======== DATA FOR THIS EXERCISE ========

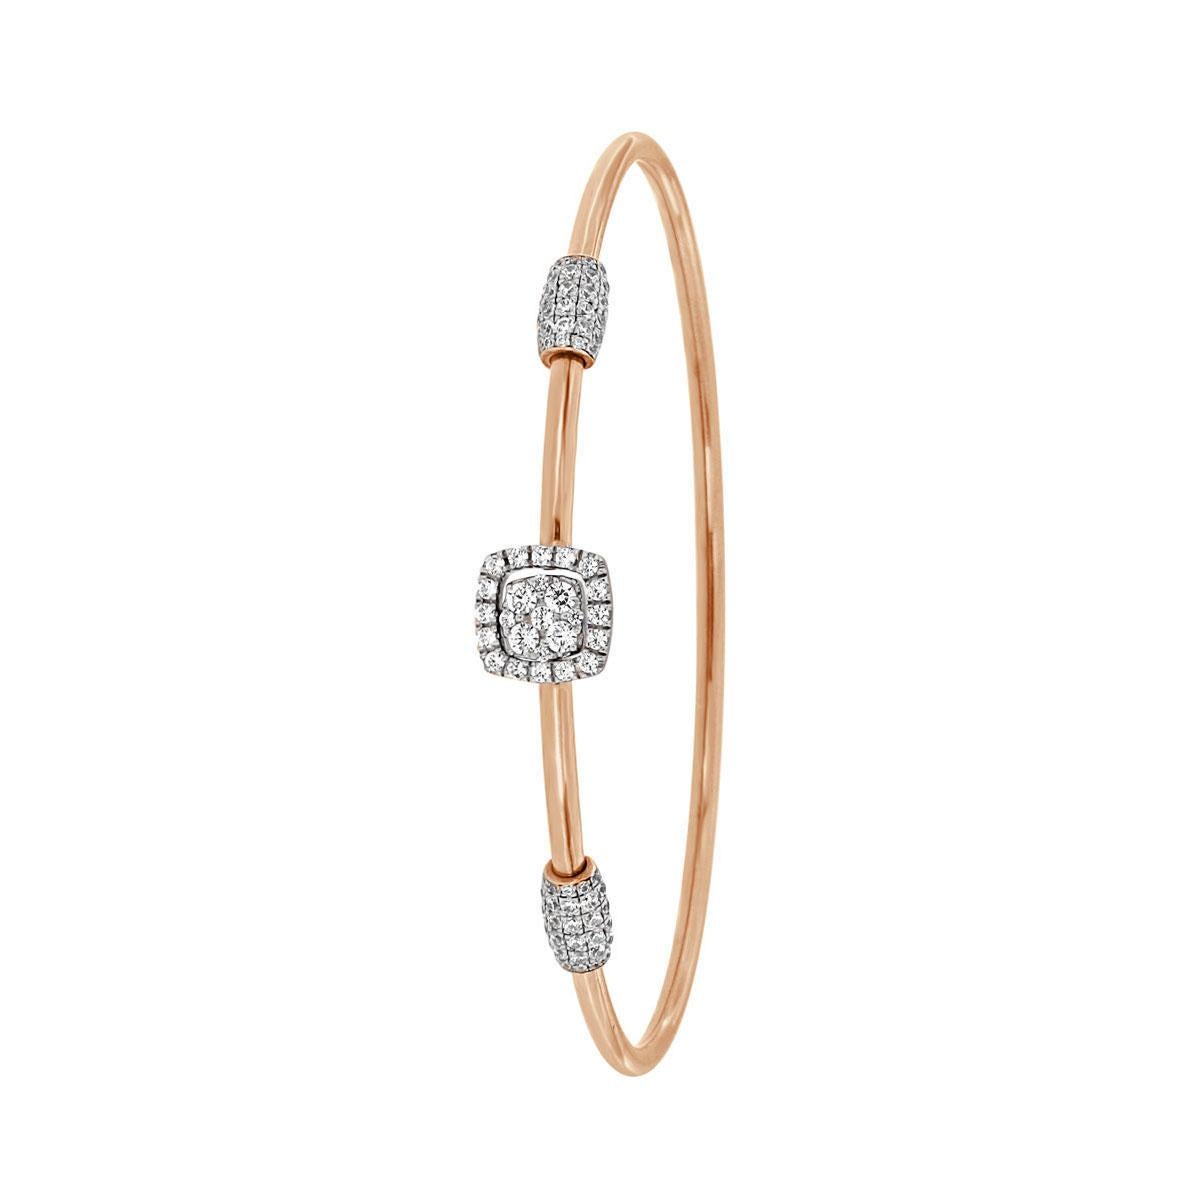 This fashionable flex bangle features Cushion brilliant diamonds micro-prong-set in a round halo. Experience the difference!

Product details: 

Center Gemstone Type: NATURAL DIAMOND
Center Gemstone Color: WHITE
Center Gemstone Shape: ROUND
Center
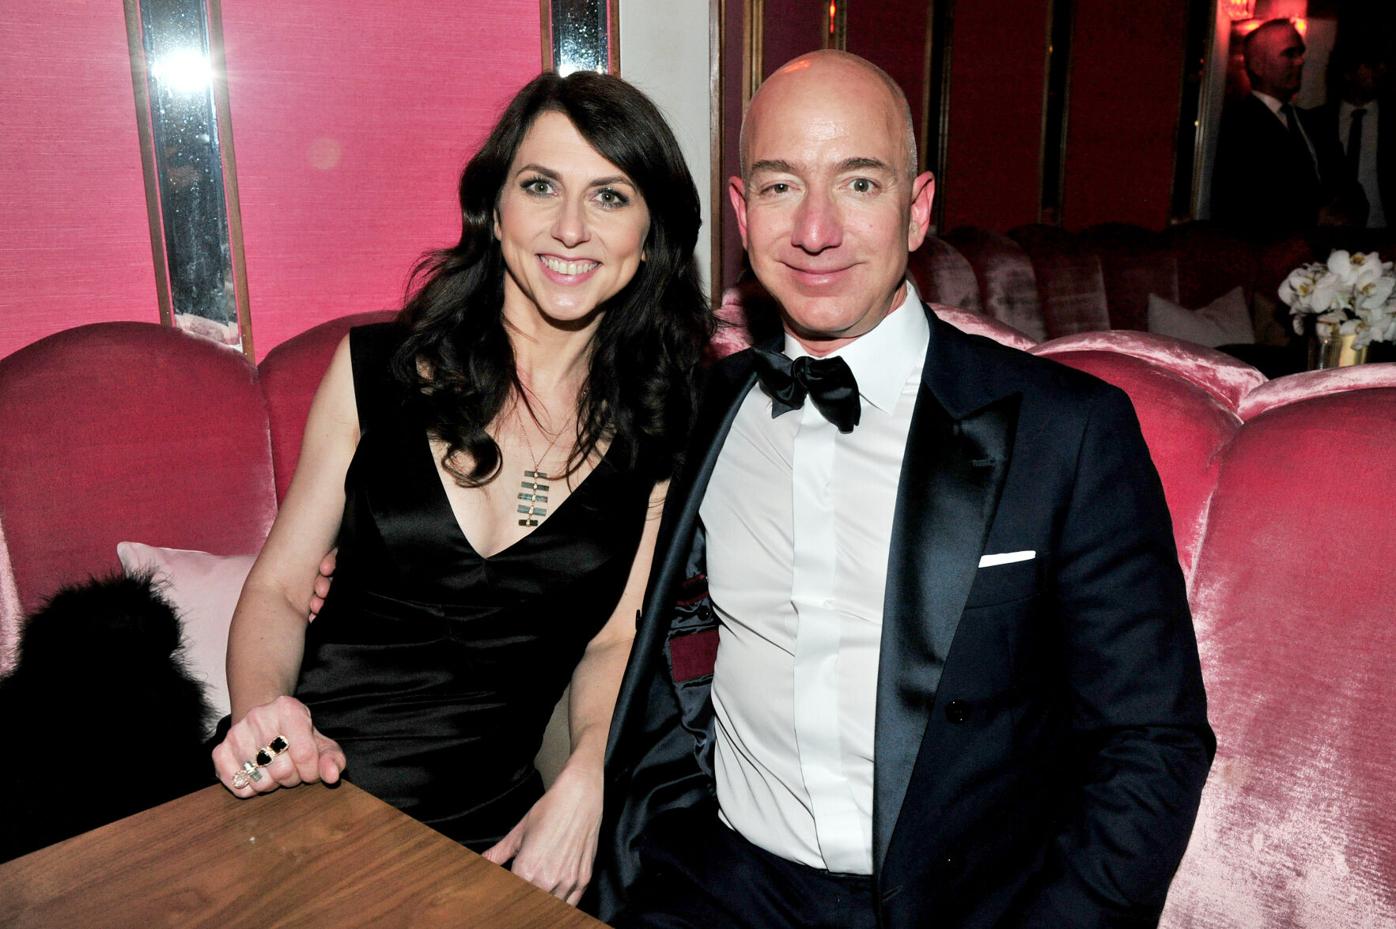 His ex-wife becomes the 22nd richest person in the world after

========

### WHAT IS REQUIRED
From the line containing "Center Gemstone Shape: ROUND" through the last line of the records, both included, output those lines exactly and nothing else; skip the pictures.

### TASK ANSWER
Center Gemstone Shape: ROUND
Center
 His ex-wife becomes the 22nd richest person in the world after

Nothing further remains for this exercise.